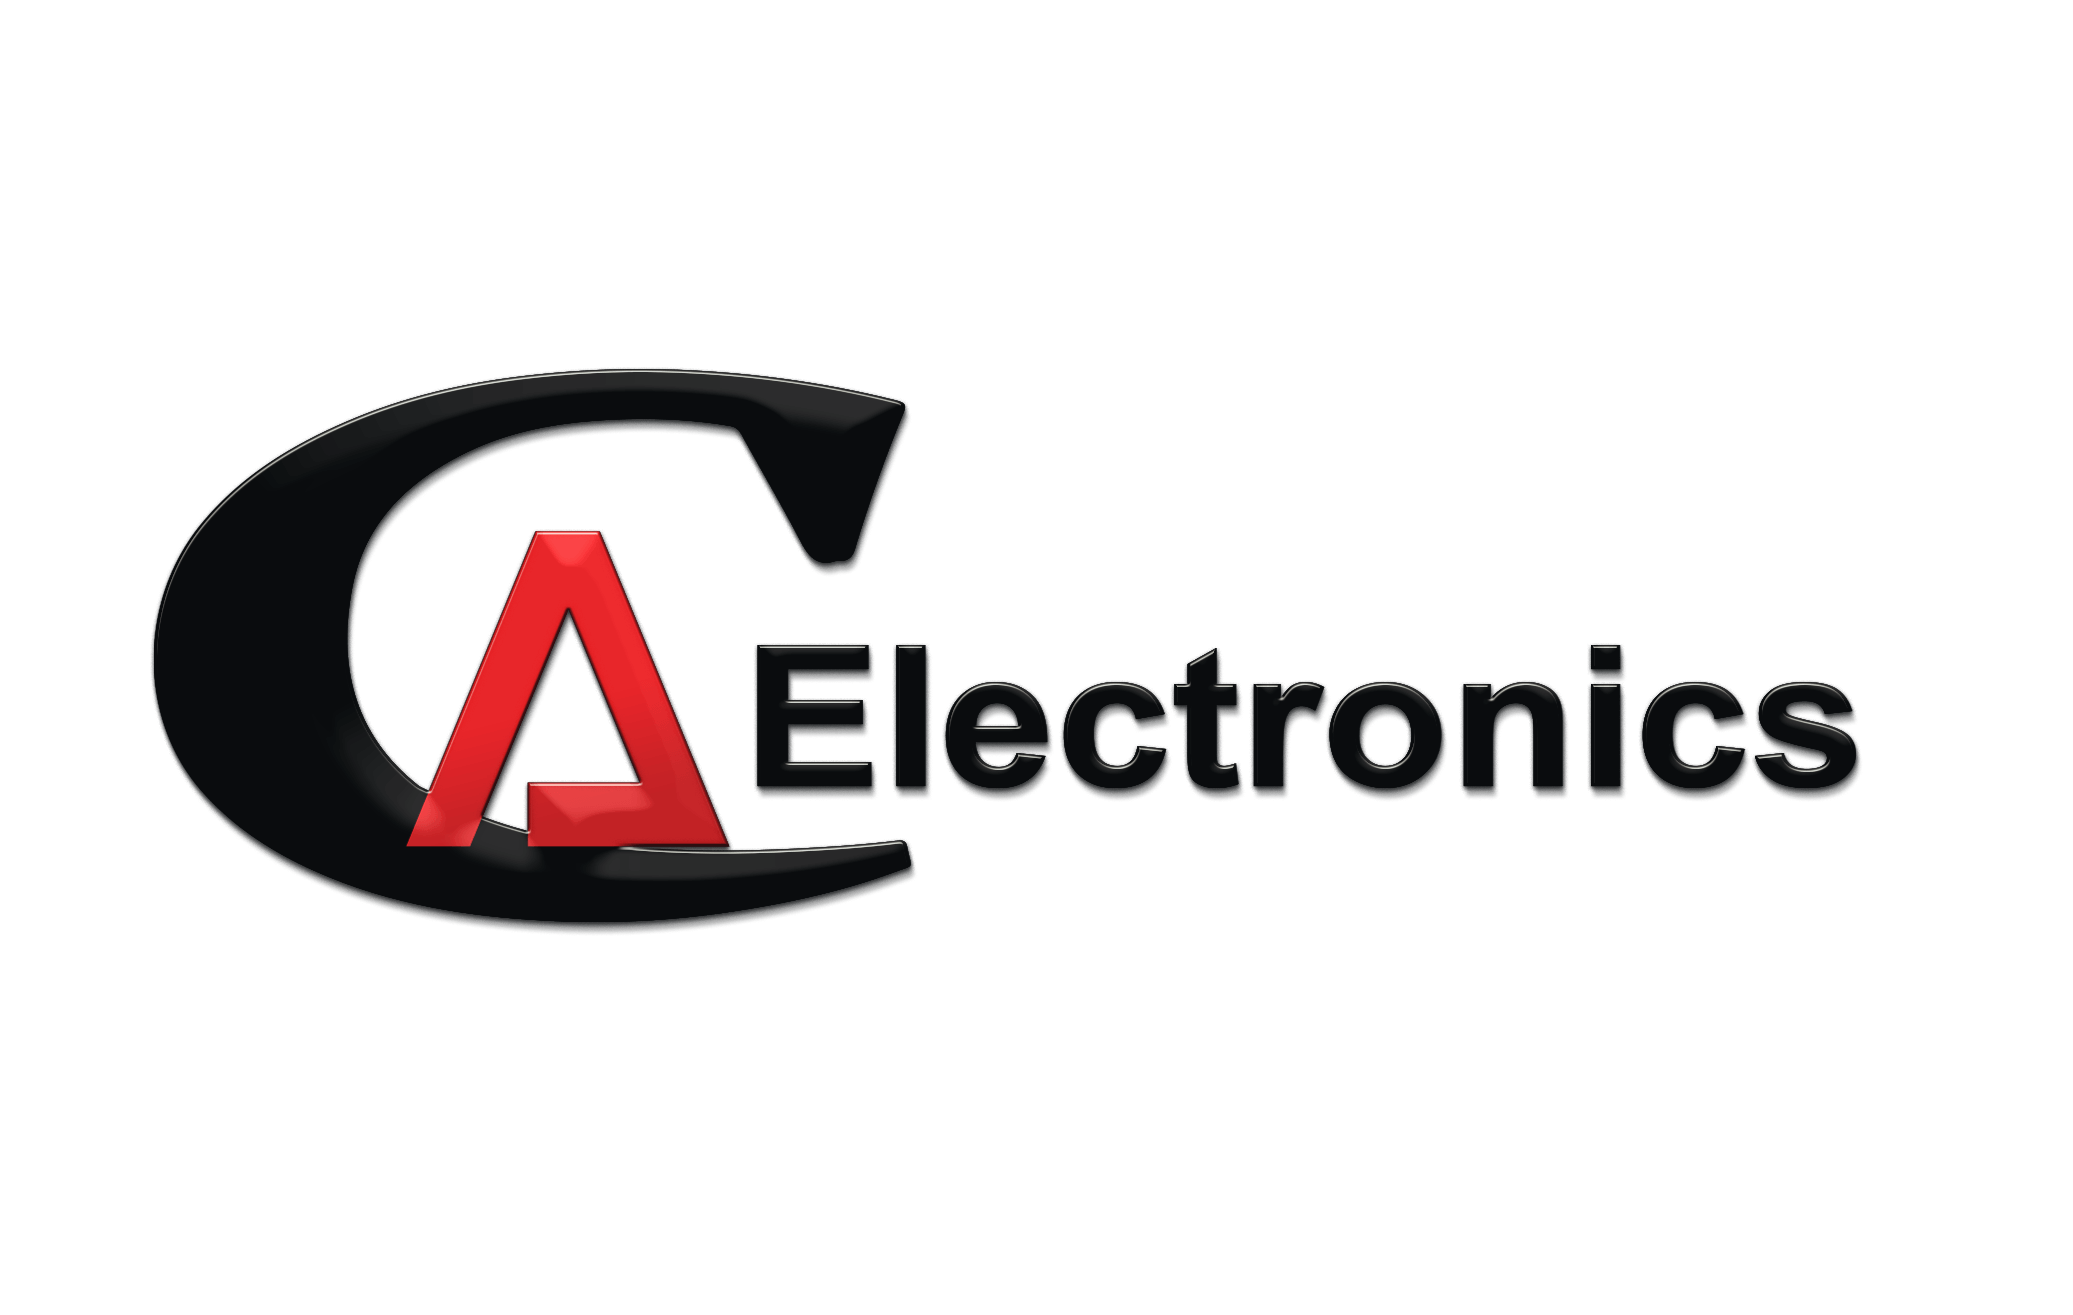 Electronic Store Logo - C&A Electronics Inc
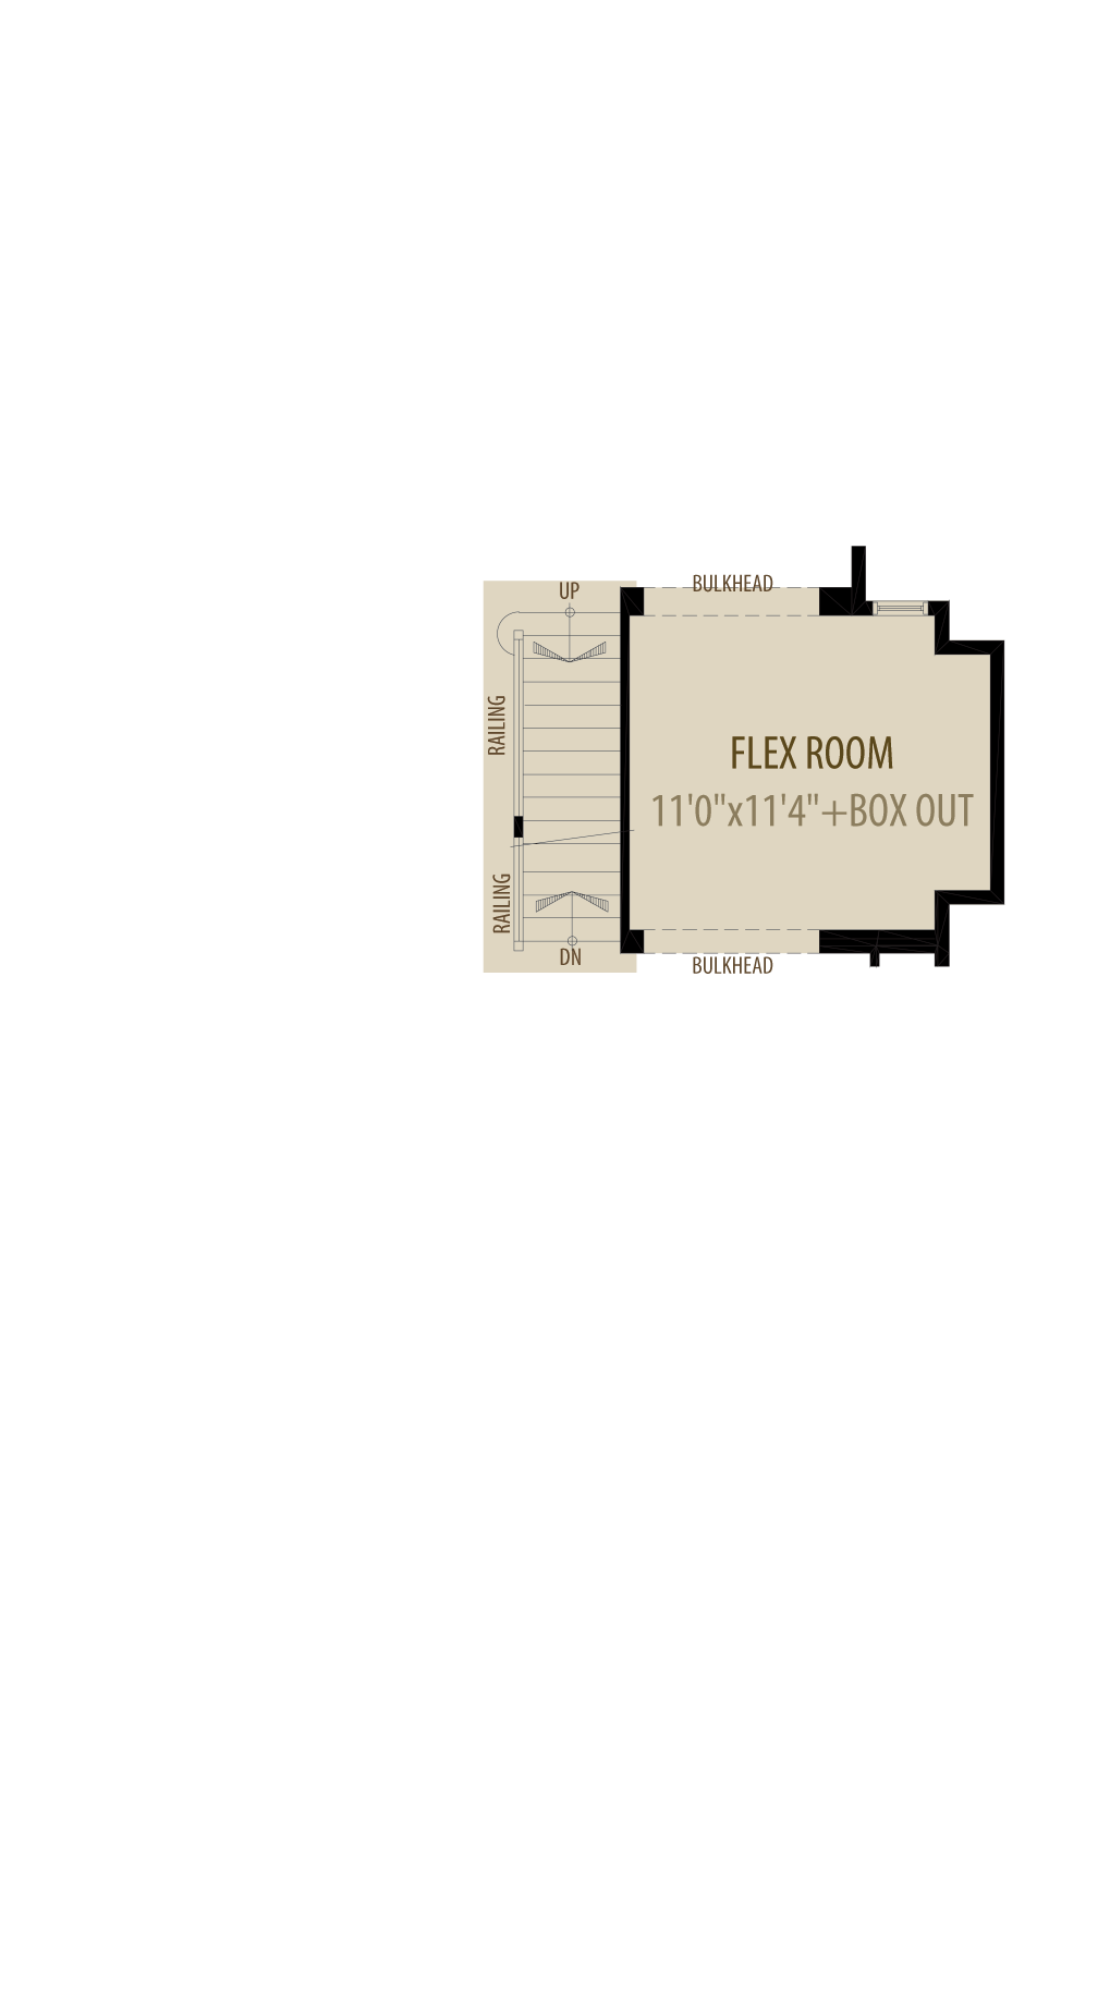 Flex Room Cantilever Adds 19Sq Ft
_ _ _ _ _
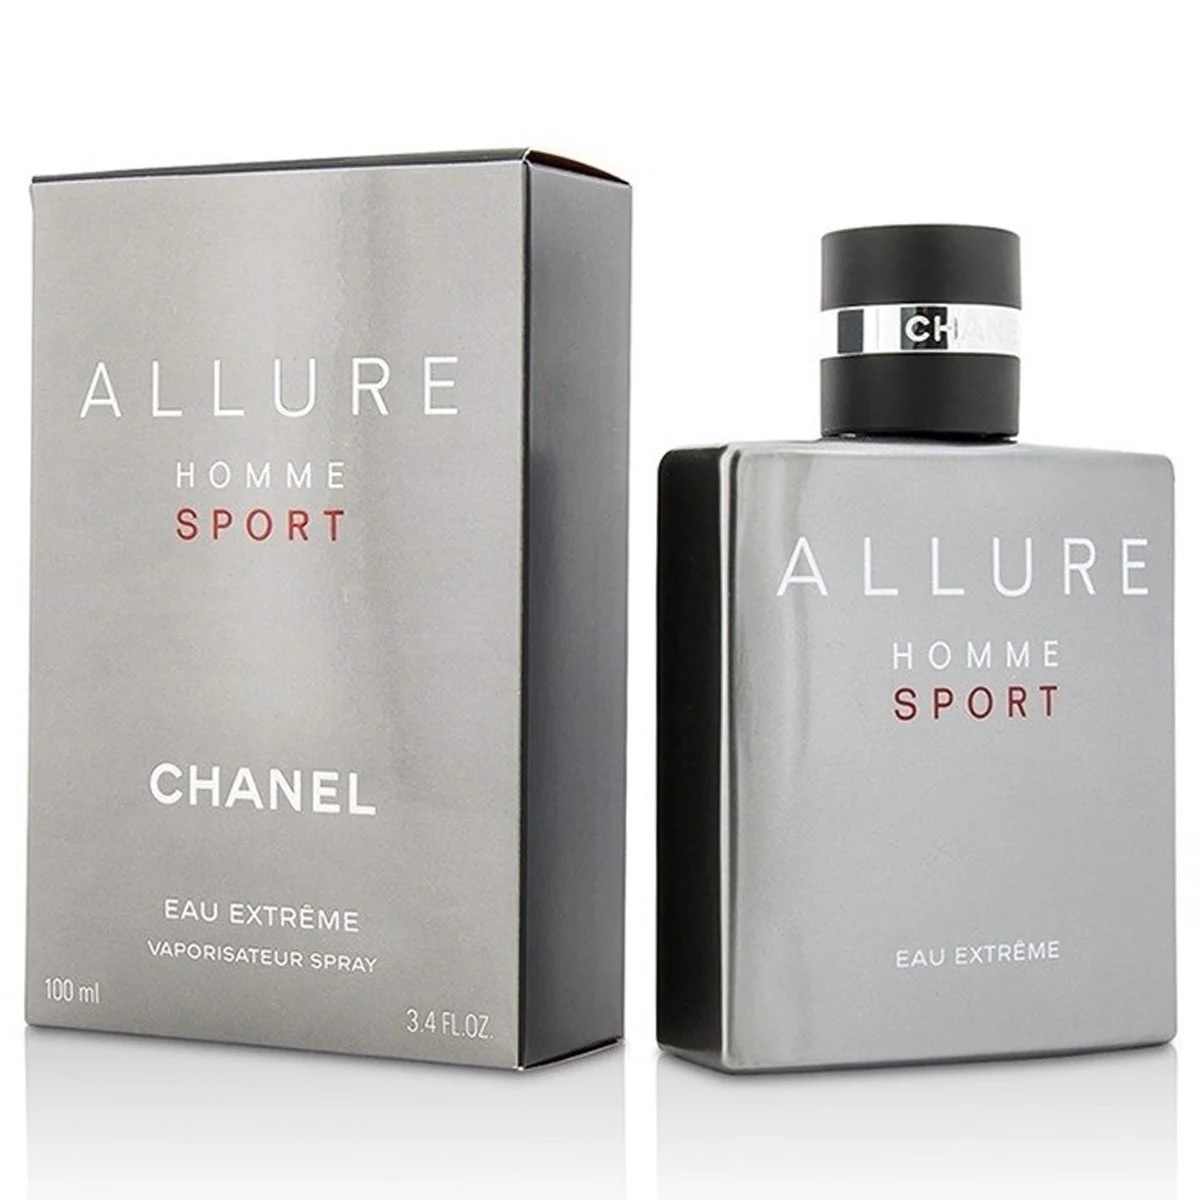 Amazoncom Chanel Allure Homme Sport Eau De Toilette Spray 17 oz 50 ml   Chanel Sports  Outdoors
_ _ _ _ _
EXERCISE: Quote the data above exactly from the line with "Electronic Store Logo - C&A Electronics Inc" to the line with "Flex Room Cantilever Adds 19Sq Ft", both ends counted, and nothing else. Pictures don't go in.

RESPONSE:
 Electronic Store Logo - C&A Electronics Inc
 Flex Room Cantilever Adds 19Sq Ft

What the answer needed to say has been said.